Last year was my first time using them. I used a couple larger Primos truth 35 cameras. Worked great. I set one up on my honey hole and got great pics. I set the other on a game trail and got a lot of pics of nothing, didn't take into account the wind moving branches. I think they cost me about $90 a piece. Primos has the new smaller cams out now and Cabelas is running a sale starting Thursday, on the Truth 55 for $140, normally $180. I may pick 1 up. They make a cable lock that you can buy in matched sets of 4 or more that use only 1 key. I think Masterlock makes them. Python cable locks.


----------



## ut1031 (Sep 13, 2007)

Spypoint-watch Camofire.com, Bushnell Trophy, Simmons Pro hunter. These listed will last 3+ months on one set of batteries!


----------



## JuddCT (Sep 7, 2007)

Bushnell Trophy Cams have worked great for me. I have 3 of them. The battery life is what I like the best about them. I've also had a moultrie and it has worked fine.


----------



## Huge29 (Sep 17, 2007)

JuddCT said:


> Bushnell Trophy Cams have worked great for me. I have 3 of them. The battery life is what I like the best about them. I've also had a moultrie and it has worked fine.


+1. I only have one, but they are tiny, which I think helps in keeping them from walking away in being harder to see. Mine broke, but they replaced it with the two year warranty with the newer version that has audio with the video. You can use 4 or 8 AA batteries and the 4 lasted me 3 weeks until a cow moved it into pointing down where the weed would move in the wind every few minutes and ran out the battery in a matter of two days once that happened. I have this one in brown (not camo) and only paid like $90 as it was on sale comnbined with a coupon at Cabela's


----------



## JuddCT (Sep 7, 2007)

ut1031 said:


> Spypoint-watch Camofire.com, Bushnell Trophy, Simmons Pro hunter. These listed will last 3+ months on one set of batteries!


Have you been able to find a good lock box for the Simmons Pro Hunter? I really wanted to look into these, but couldn't find a camlock box for the simmons. That is one reason I also went with the bushnell. The camlock box works great and has protected mine from pesky bulls, bucks, and bears.


----------



## TEX-O-BOB (Sep 12, 2007)

Amazon has any camera you want for less money than anyone else.


----------



## kailey29us (May 26, 2011)

I have been using the Cuddeback Capture IR for several years and I have been really happy with them except they use D battery which only last 3-4 weeks if you are lucky. I just sold them and I am getting Bushnell Trophy cams. I bought lock boxes for mine and have not had one walk away yet. Sportsmans had these cameras on sale for $99 (I think) last week or the week before.


----------



## richardjb (Apr 1, 2008)

TEX-O-BOB said:



> Amazon has any camera you want for less money than anyone else.

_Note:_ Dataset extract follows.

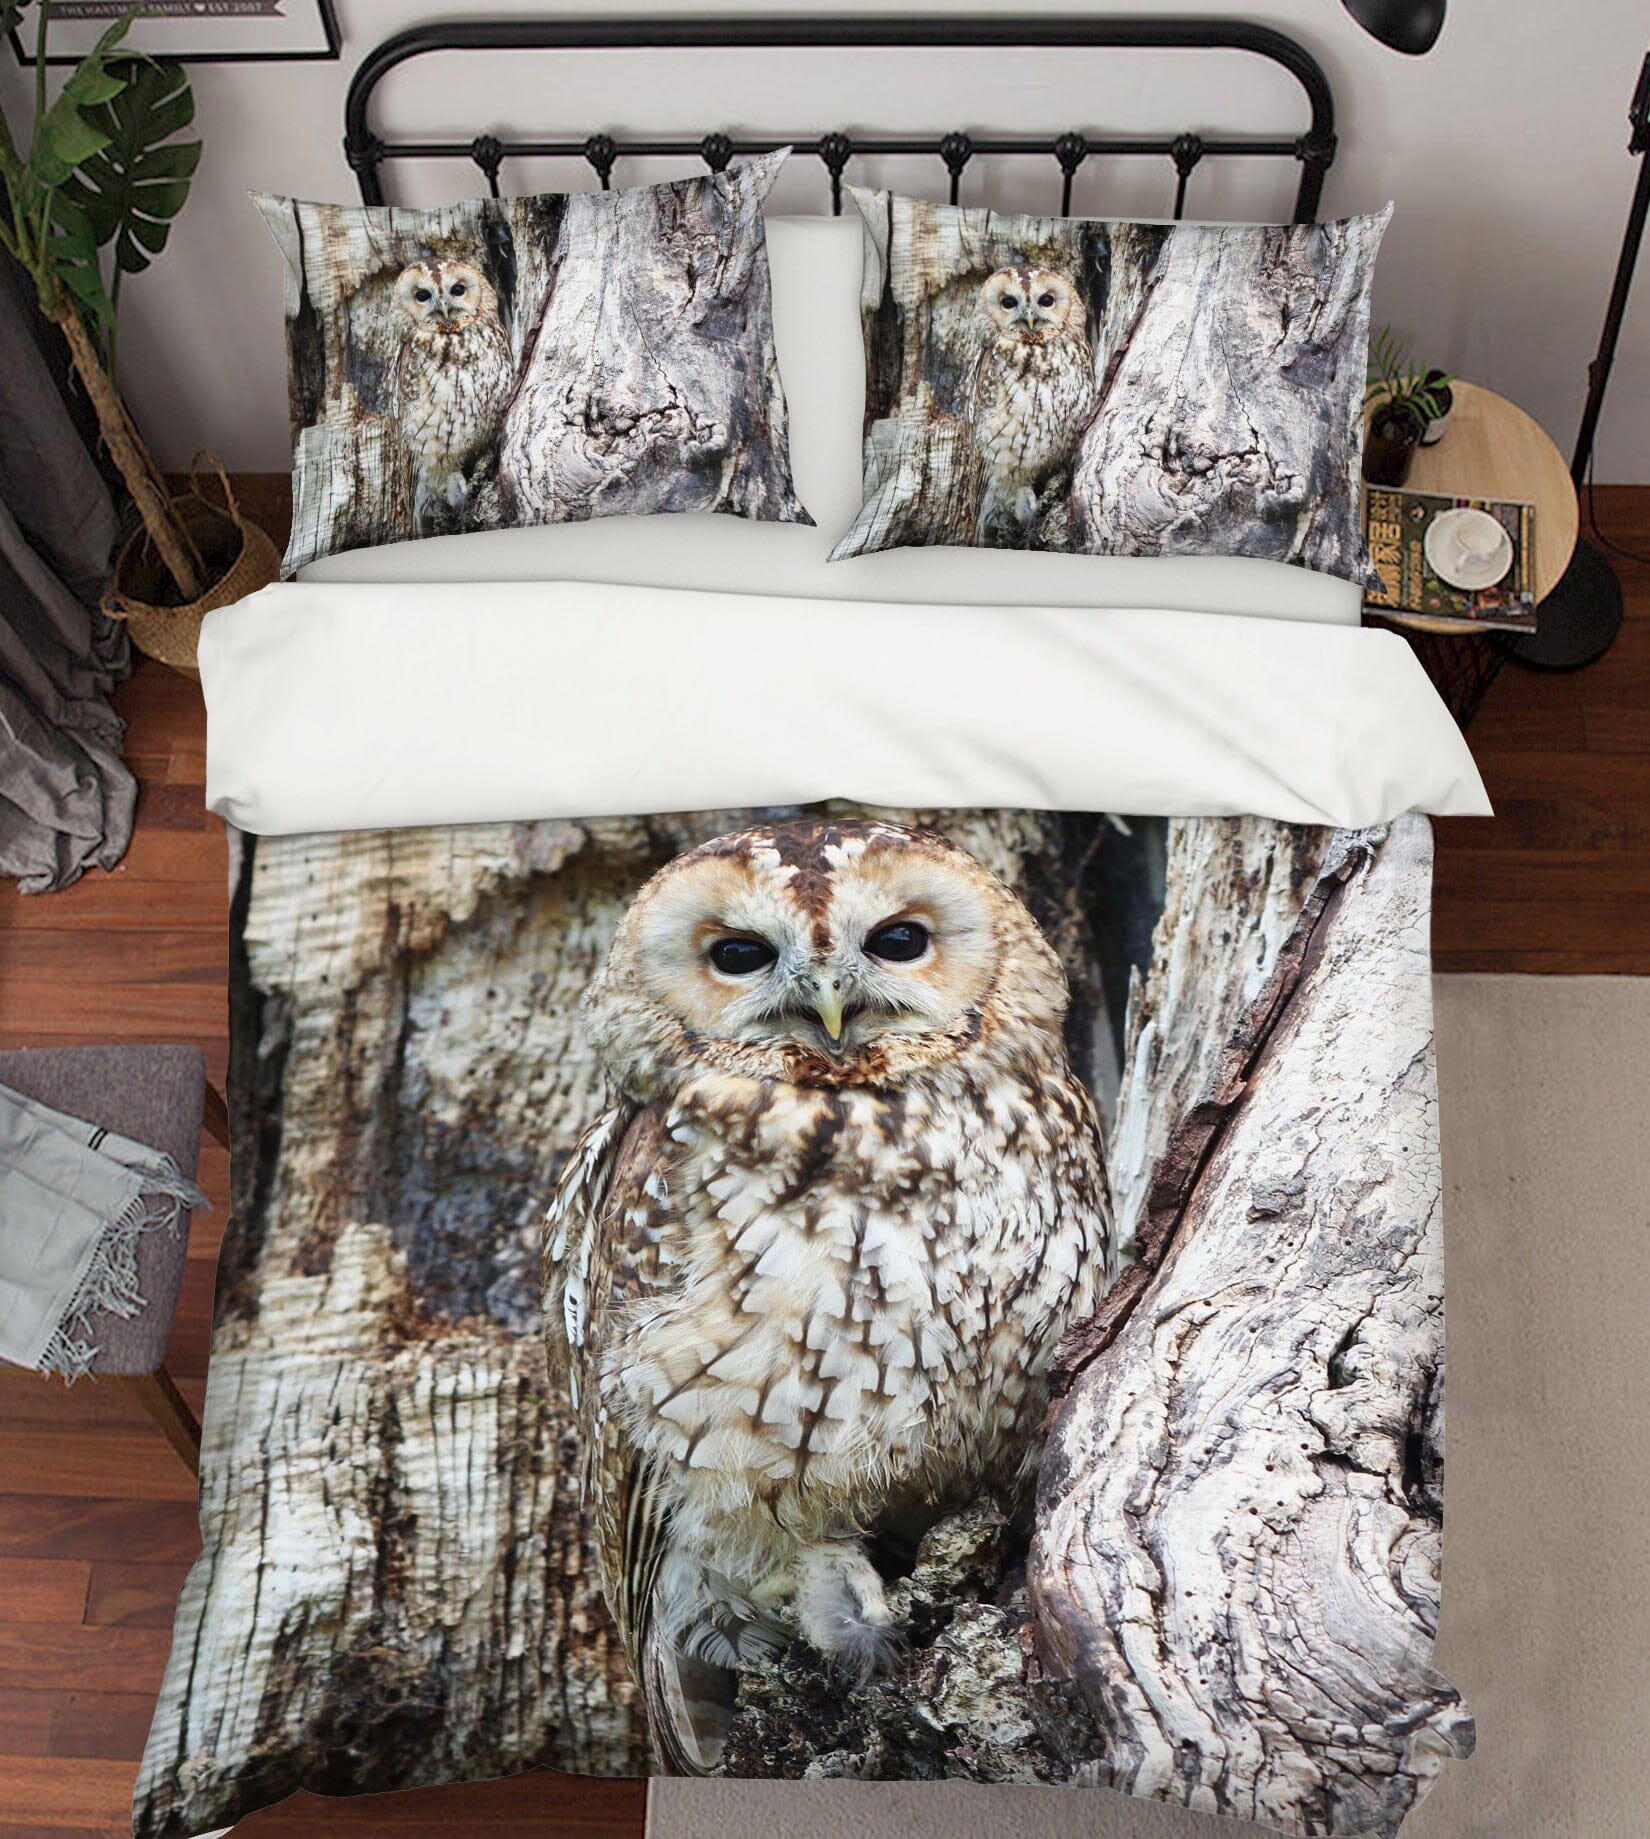 3D Owl 1932 Bed Pillowcases Quilt Quiet Covers AJ Creativity Home

I don't have the time or money to travel that far for a camera.


----------



## quackcommander (Aug 20, 2009)

I've seen have flashes and it appears some have another way to take pics at night. What Is best, both for getting pics of the animal and not notifying others the camera is there?


----------



## JuddCT (Sep 7, 2007)

quackcommander said:


> I've seen have flashes and it appears some have another way to take pics at night. What Is best, both for getting pics of the animal and not notifying others the camera is there?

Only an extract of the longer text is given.